Loading and Playing Back Video
Problem
You want
to load and playback progressive download Flash video.
Solution
Use a NetStream object to load and
playback the video and use a Video object to display the
video.
Discussion
ActionScript 3.0 requires several classes
working together to load and playback Flash video. You must use a
NetStream object to
load the video and control the playback; however, the
NetStream class is only concerned with moving data, it
doesn't know how to render the data as a video. For that you have
to use a Video object. The Video object allows you to
pass it a NetStream object, which then uses the
NetStream data to render the video to the screen.
The NetStream constructor requires that
you pass it a NetConnection object. The NetConnection
object determines the origin of the data that the NetStream
object handles. When the Flash video streams from a Flash
Communication Server or Flash Media Server, the
NetConnection object points to the server. However, for
progressive download video content the NetConnection object
uses a null connection string. The following code constructs
a NetConnection object and initializes it for use with
progressive download video. Note that the code assumes you've
imported the flash.net.NetConnection class:
var videoConnection:NetConnection = new NetConnection( );
videoConnection.connect(null);
Once you've constructed a NetConnection
object and called the connect( ) method with a
null value, construct the NetStream object, and
then pass the NetStream constructor a reference to the
NetConnection object. The following code constructs a
NetStream object (assuming you've imported
flash.net.NetStream):
var videoStream:NetStream = new NetStream(videoConnection);
Once you've constructed the NetStream
object, add a Video object, and associate the
NetStream with the Video.
The
flash.media.Video class is a display object, which means
that you have to add it to the display list once constructed. The
following code constructs a new Video object and then adds
it to the display list:
var video:Video = new Video( );
addChild(video);
You can associate a NetStream object with
a Video object by using the Video object's
attachNetStream( )
method, passing a reference to the NetStream object as a
parameter to the method:
video.attachNetStream(videoStream);
After you attached the NetStream object
to the Video object, any video data controlled by the
NetStream object gets rendered by the Video
object.
Everything discussed up to this point is
necessary to initialize all the requisite objects and associations.

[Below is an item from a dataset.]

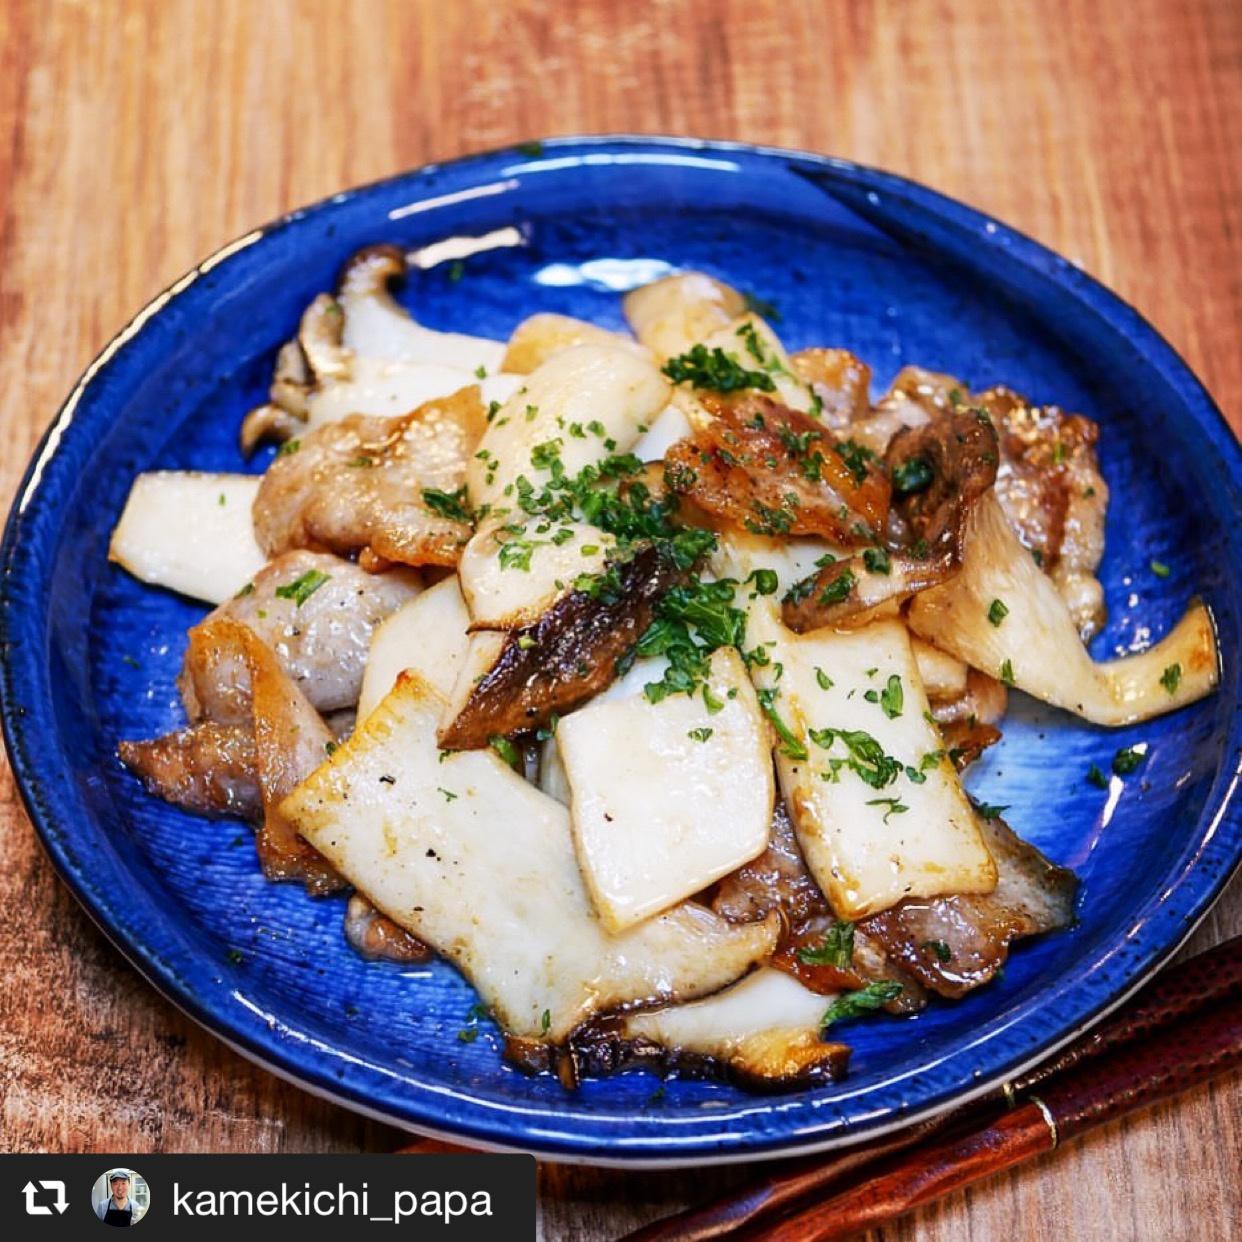 豚バラ肉とエリンギのオイスター炒め 画像1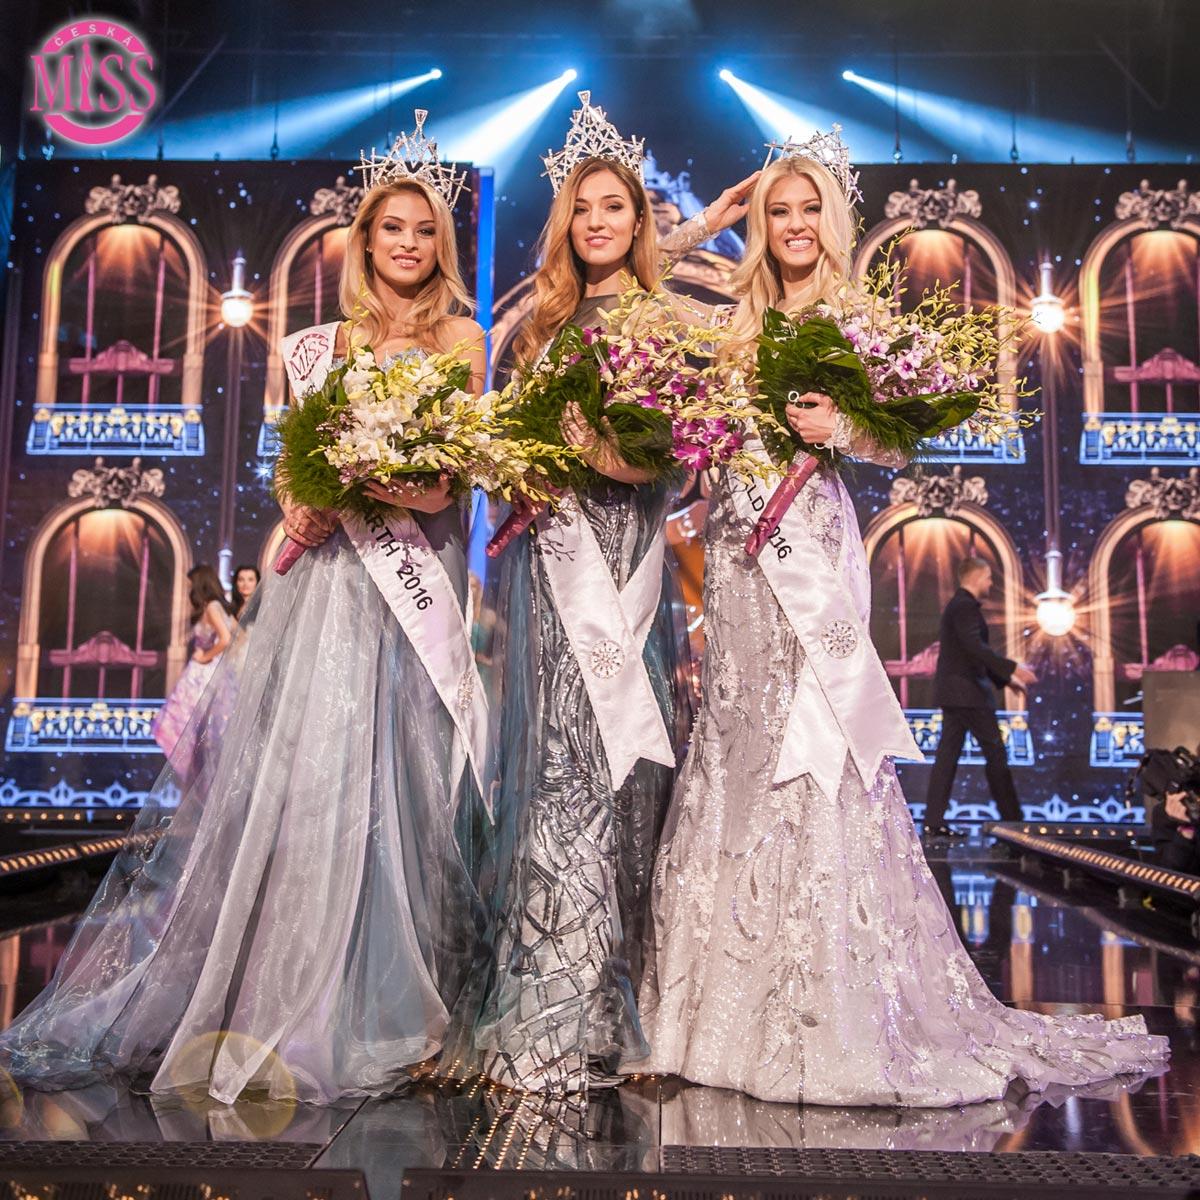 Známe výsledky letošní Miss. Česká Miss 2016 je Andrea Bezděková, finalistka s číslem 4. Českou Miss World 2016 je Natálie Kotková, Českou Miss Earth je Kristína Kubíčková.

However, nothing so far actually tells the Flash Player to load the
video and start playbackboth of which are accomplished with one
simple method call. The NetStream class defines a play(
) method that loads and starts the Flash video playback as
specified by the parameter passed to it. The parameter can be a
relative or absolute URL. The following tells the Flash Player to
load and start the playback of a Flash video called
example.flv that's in the same directory as the calling
.swf:
videoStream.play("example.flv");
If the .flv file is in the same domain as
the calling .swf, then the play( ) call isn't subject
to Flash Player security. However, if the FLV is in a different
domain, then a security policy file is required to allow the
calling SWF to load and playback the FLV.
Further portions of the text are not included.